Utility of WT-1, p63, MOC31, Mesothelin, and Cytokeratin (K903 and CK5/6) Immunostains
The first step in a diagnosis of cancer is the definitive conclusion of the presence of malignant tissue. However, this tissue may not identify the particular form of cancer at work, so further analysis is often necessary. One of the techniques used for this latter diagnosis is immunostaining, where a tissue sample is treated with a reactive dye that becomes activated when it binds to a marker indicative of a certain form of cancer. The binding process then “stains” the tissue—providing a visual indication of the marker’s presence and, therefore, a determination of the type of cancer at hand.
One of the most difficult differentials to make is between malignant mesothelioma and poorly differentiated forms of adenocarcinoma of the lung and squamous cell carcinoma of the lung. Morphology analysis of the fluid from an effusion is not able to differentiate between these cancers, so scientists are searching for protein markers that can differentiate between them. Researchers from the University of Michigan School of Medicine have recently released a study that identifies possible markers.
Introduction to the Study
The search for biomarkers for mesothelioma and other cancers is an especially active form of research. The need for accurate differential diagnoses has driven researchers to experiment with a number of substances as possible markers, such as calretinin, CEA, BerEP4, CD15 and cytokeratins, but many of these do not have the high specificity required for such important decision-making. Some recent studies have recently identified a few more substances as possible makers—WE-1, p63, MOC31 and mesothelin—and it is these agents that the authors of the present study looked at. They also looked at the ability of cytokeratin staining to differentiate between the cancers.

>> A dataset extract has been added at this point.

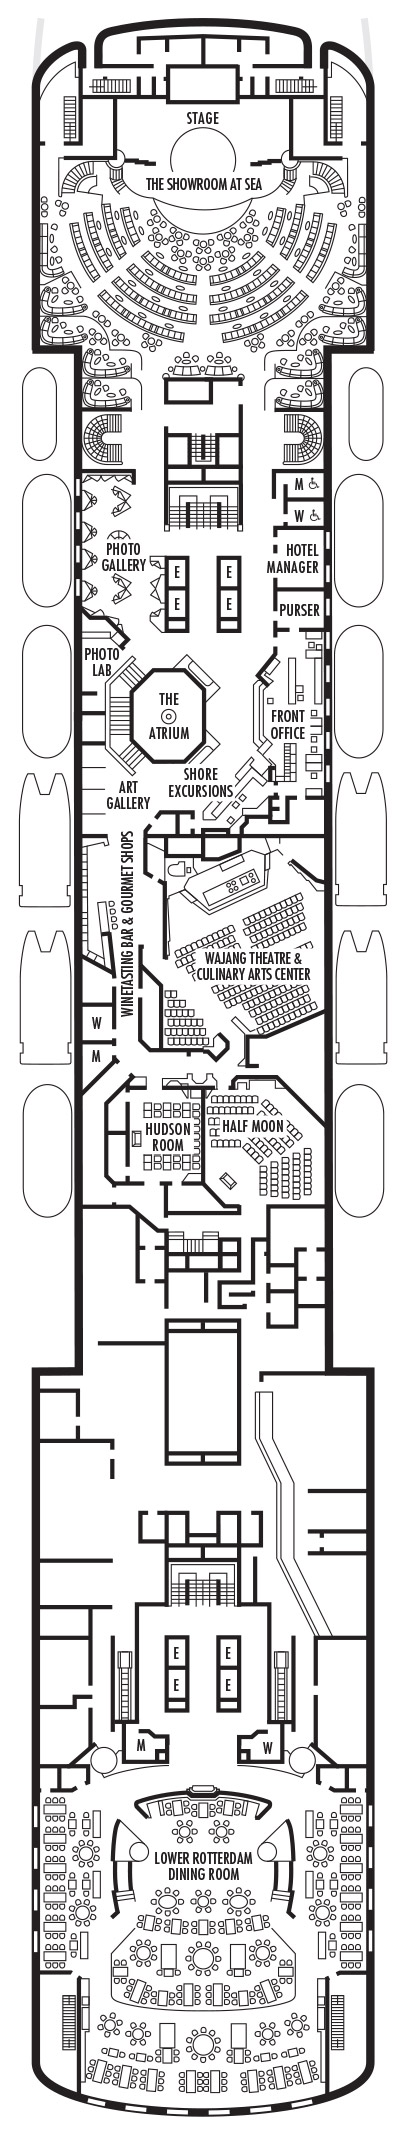 ms Veendam Deck Plans

The authors studied 43 samples of malignant effusions. 10 were adenocarcinoma (ADC), 15 were squamous cell carcinoma (SCC) and 18 were malignant mesothelioma, mainly pleural mesothelioma. Immunostaining for each of the four markers identified above (WE-1, p63, MOC31 and mesothelin) was performed on each sample.
WT-1
The authors found that WT-1 was perfect for determining a malignant mesothelioma diagnosis, as it stained in 100% of the mesothelioma cases and none of the ADC or SCC cases. Calretinin had previously been identified as the best positive marker for differentiating mesothelioma, but the authors recommended further study and greater use of WT-1 because of their excellent results.
P63
Antibody-staining against P63 showed significant staining for SCC, a lower threshold for ADC and none for mesothelioma. The authors support using a combination of P63-negative status and WT-1-positive status to differentiate mesothelioma from both SCC and ADC.
MOC31
The authors conclude that MOC31 wasn’t an effective marker by itself. It stained for ADC 100% of the time, 67% of the time for SCC and 35% for mesothelioma, so it could not differentiate between the malignancies enough on its own. However, when used in a panel with other antibody staining, the authors felt it could be used to differentiate between ADC/SCC and mesothelioma.
Mesothelin
Mesothelin is a marker that is under active investigation, but there are conflicting results returned from different studies regarding its efficacy. Some studies have come back with a 100% success rating for determining a mesothelioma diagnosis, but the authors of this study expressed disappointment at the results they obtained when staining for it. Their figures returned the following results: 100% ADC and 60% SCC, but only a figure of 47% for mesothelioma. The authors do not recommend mesothelin because of these results.
Cytokeratin Staining
The results for K903 and CK5/6 showed that ADC and SCC can be differentiated using cytokeratin staining, but it is only recommended if mesothelioma has been conclusively ruled out before the investigation.
Conclusion
The identification of new markers in cancer diagnosis is an important advancement on our knowledge. Early identification allows the patient to receive earlier treatment, which can be greatly beneficial. With a malignancy such as malignant mesothelioma, which has generally resisted long term treatment, early diagnosis is essential to maximizing patient response.